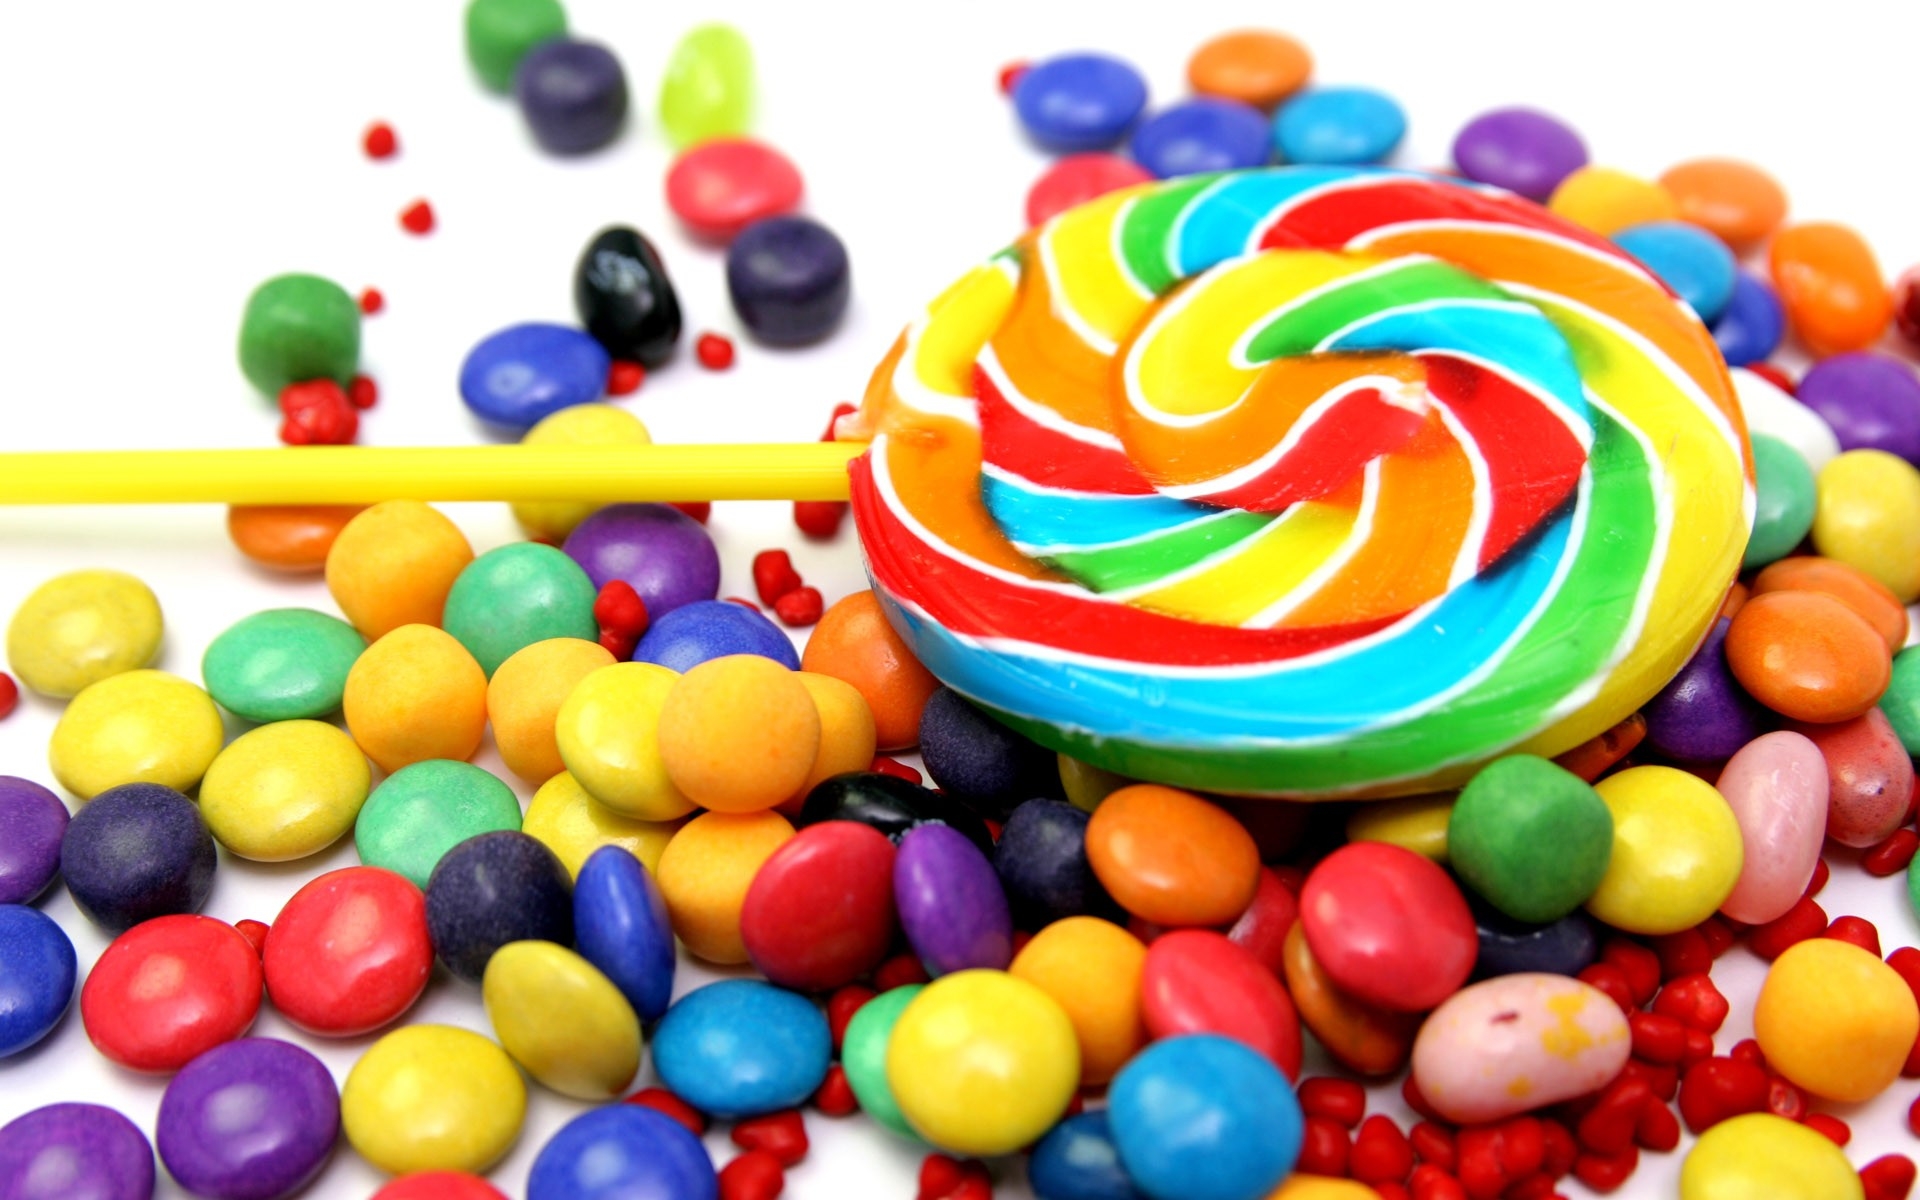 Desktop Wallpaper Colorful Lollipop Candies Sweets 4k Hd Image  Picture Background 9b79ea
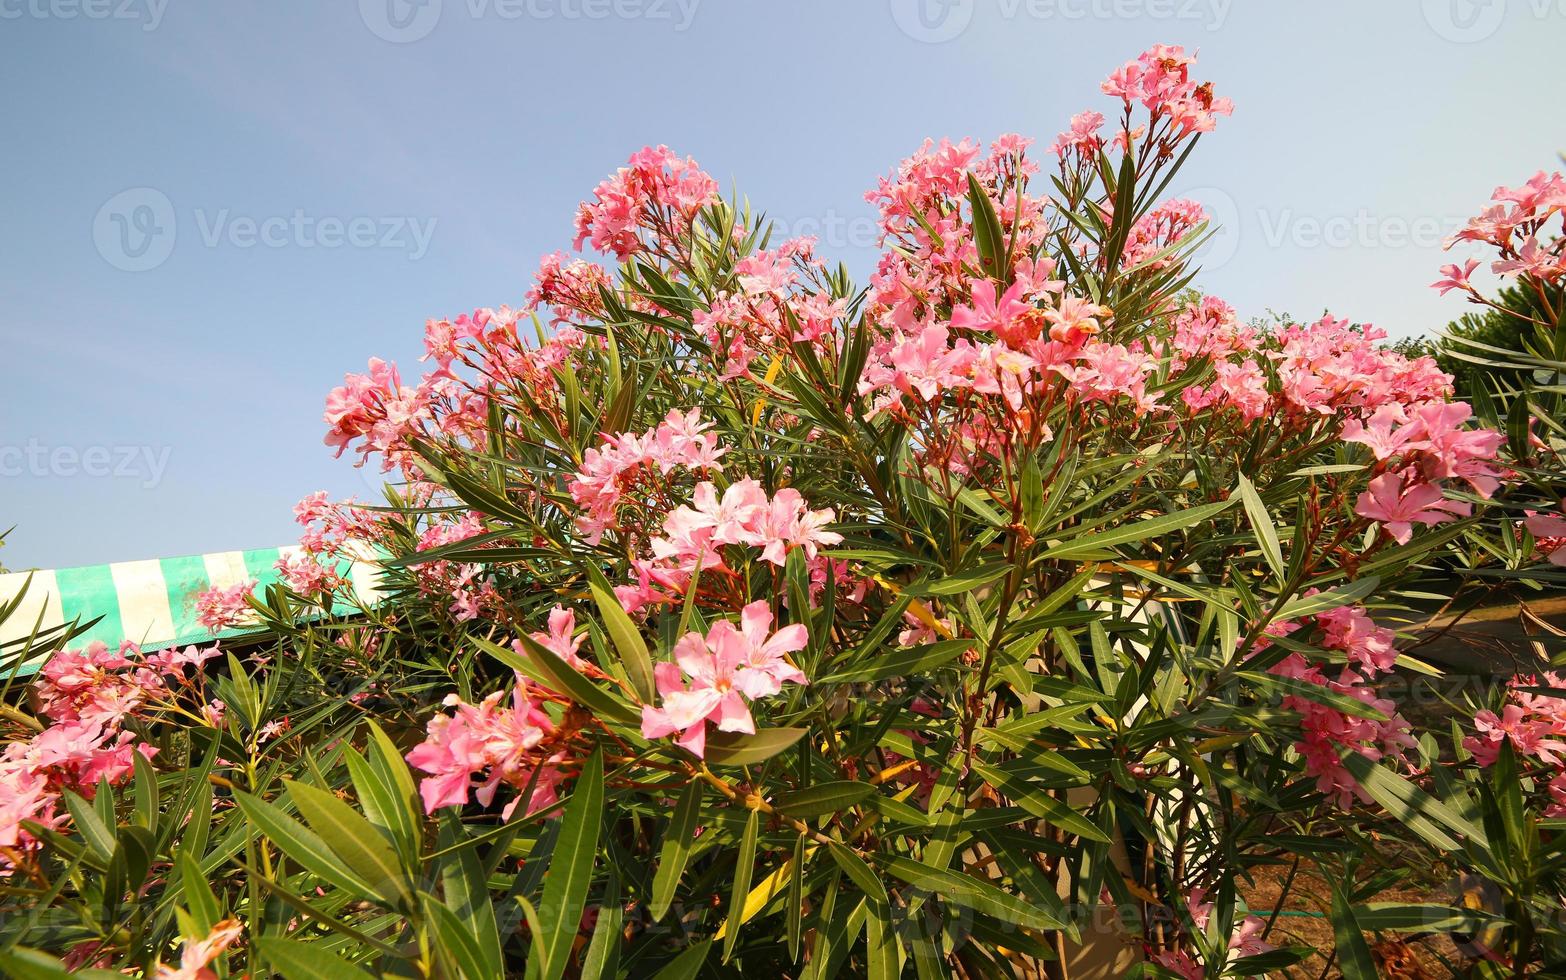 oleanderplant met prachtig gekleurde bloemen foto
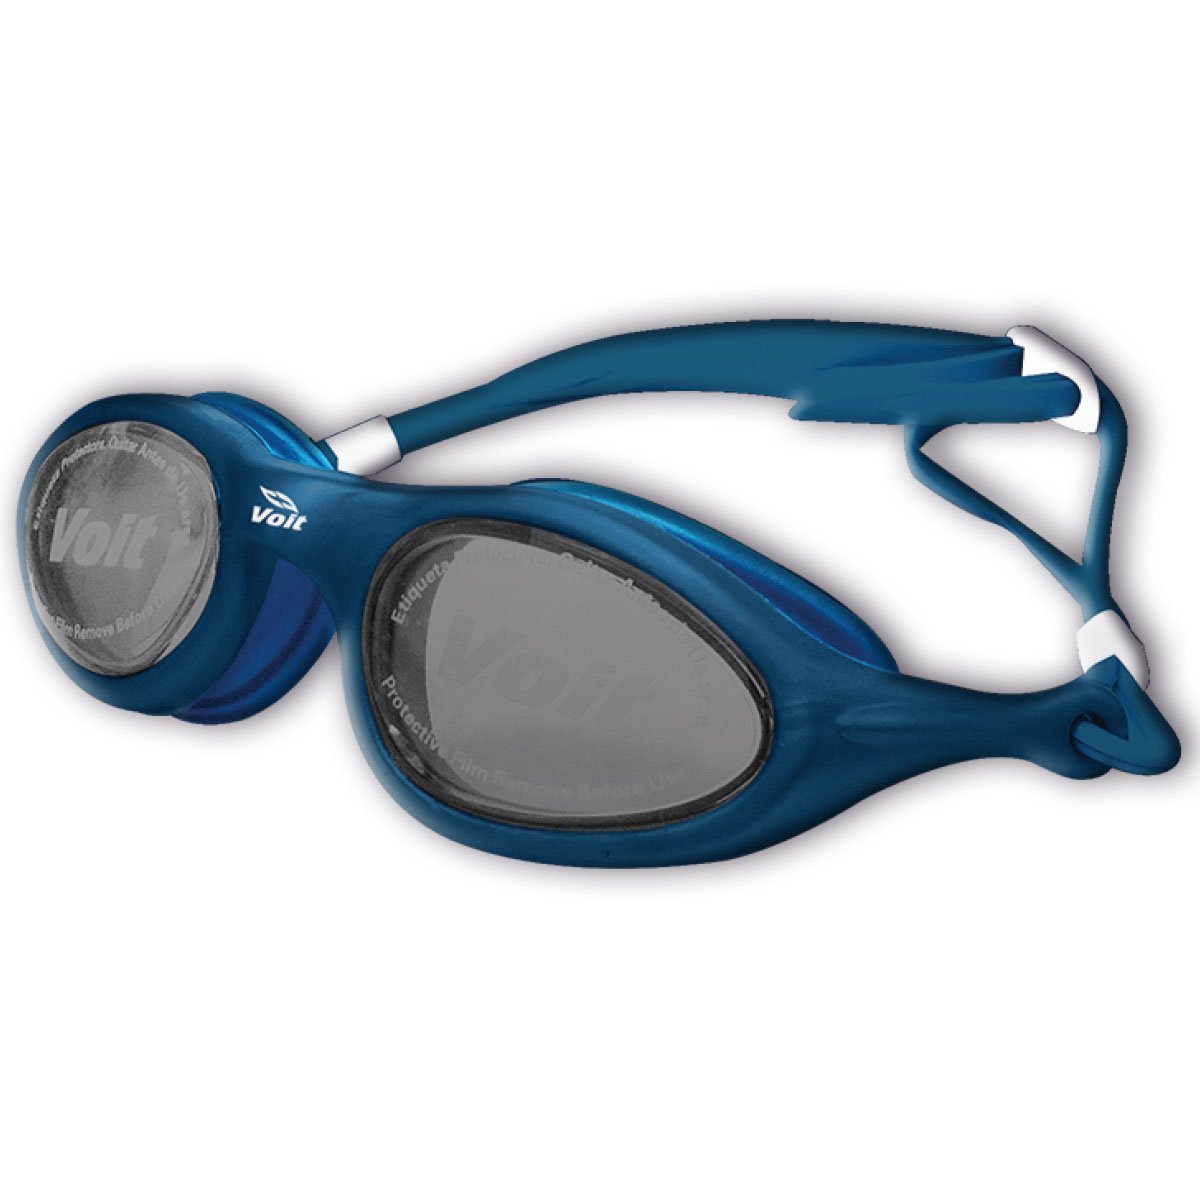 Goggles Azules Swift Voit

····················

* [ASSIGNMENT]: In your copy, include no pictures; print every line above exactly.

* [RESULT OF THE EXERCISE]:
 Desktop Wallpaper Colorful Lollipop Candies Sweets 4k Hd Image  Picture Background 9b79ea
 oleanderplant met prachtig gekleurde bloemen foto
 Goggles Azules Swift Voit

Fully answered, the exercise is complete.